By Maureen Tai, 10 February 2022

During a recent trip to my hometown in Malaysia, I visited the shamelessly Instagrammable BookXcess @ Kong Heng and my browsing was rewarded with a gorgeous picture book, The Wonderful Adventures of Nils (ages 6+). I confess to not knowing at the time that the fable-like story was over a century old, and that its author, Selma Lagerlöf (1858 – 1940), is legendary in her native Sweden, being the first woman to ever win the Nobel Prize in Literature (as she did in 1909). I had been attracted primarily to the book’s exquisite paper-cut pages and how cleverly they overlaid the whimsical illustrations on the cover and inside of the book. A blatant case of judging a book by its cover.
Nils starts out as a rather unsympathetic character: all he does is sleep, eat and cause mischief, and one of his favourite activities is to torment the animals he encounters. By some stroke of misfortune, Nils runs into an elf, who then turns the little boy into an elf. What Nils has lost in terms of stature however, he gains in the ability to understand animal-speak. Luckily for the hapless boy, and before any of the sparrows or cows or cats can exact revenge on him for his past misdeeds, Nils is spirited away by a flock of geese led by Akka, a hundred-year-old wild goose from Kebnekaise. The geese are on their way to Lapland, right at the other end of the Swedish peninsula, the furthest point from Nil’s home in Västra Vemmenhög.

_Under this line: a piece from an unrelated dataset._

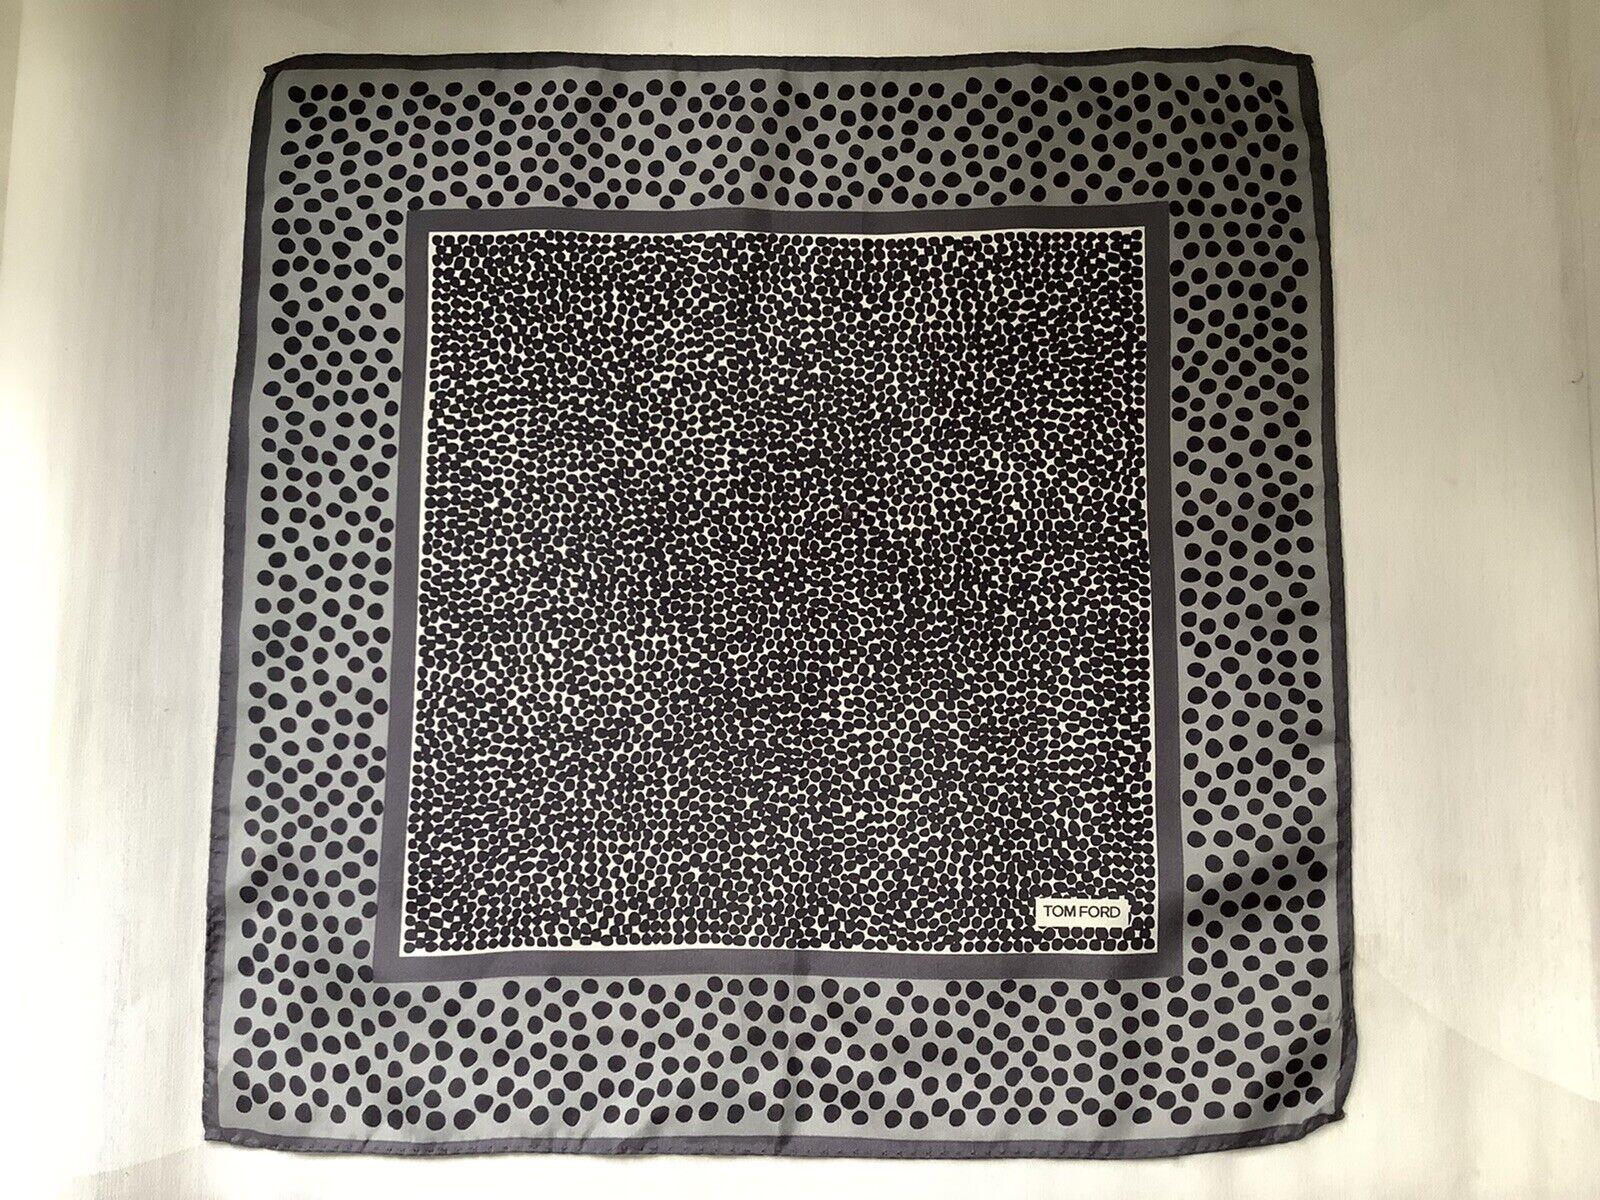 Tom Ford Handkerchief 100% Silk Made In Italy

Despite being terrified and tiny, Nils quickly proves to the geese that he is a worthy travelling companion, and is allowed to join his new, feathered friends on a journey across Sweden. By the time Nils finally returns home (and to his normal size), he is much-altered – a kinder, more compassionate and wiser boy – and much more knowledgable about the geography of his homeland. As I read the story, the detailed attention to place names, landscapes and seasonal changes had struck me as being a little odd, but it all made sense once I learnt that Selma had been commissioned to write the book as a geography reader more than a hundred years ago. Regardless of its age and original purpose, Nils’ fantastical adventures will delight younger readers, especially those who love talking animals, and this edition with its intricate paper-cut pages by Olivier Latyk is a worthy addition to any book lover’s bookshelf.